3 The Problem With Statistics
Causal inference attempts to put science before statistics, or at least to make statistics work to give us useful scientific outputs. The reason we need something like causal inference is this: the reasons for carrying out a statistical analysis are not present in the data.
What do we mean by this statement?
As an example, consider a statistical question where you have two sets of numbers: {10, 11, 12} and {14, 15, 16}, and you ask: are the averages of these two sets different from each other?
As you will recall from your introductory statistics courses, we can always calculate the means and standard deviations of the two sets of numbers, and perform a t-test to calculate a proability that we should reject a null hypothesis of the means being equal. So we can answer the question: “Are the means of these two sets of values statistically different from each other?”.

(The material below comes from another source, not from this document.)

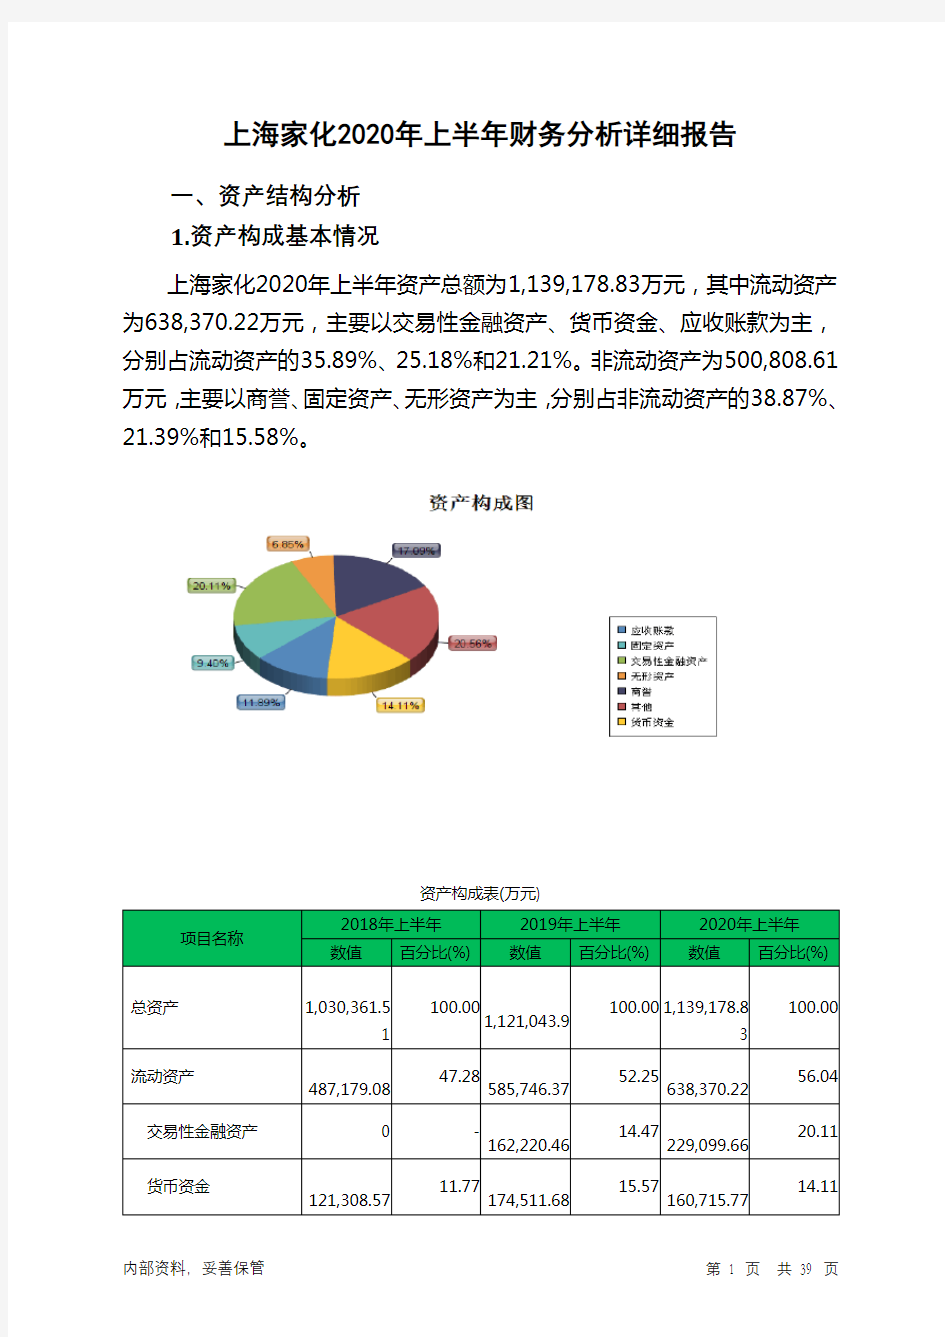 上海家化2020年上半年财务分析详细报告

But we’re usually not asking that question in isolation. In an experiment, those numbers represent something in the real world, and in which we’re interested. We want to know what is the scientific insight that is gained? Maybe it’s something like:
- the number of people who vote in an election before and after a bribe is offered
- the number of mice that survive a condition, after some drug intervention
- reaction times in an individual before and after drinking alcohol
The point is, we can’t tell what the numbers represent, or what any differences mean, from the data alone! We cannot look at the numbers alone and extract the causes of the data.
“No causes in, no causes out.” - Nancy Cartwright, Cartwright (2011)
Statistical models are only devices that process data to provide estimates. To understand what the data are telling us, and for statistical analysis to give us scientific insight, we need additional information: scientific (causal) models.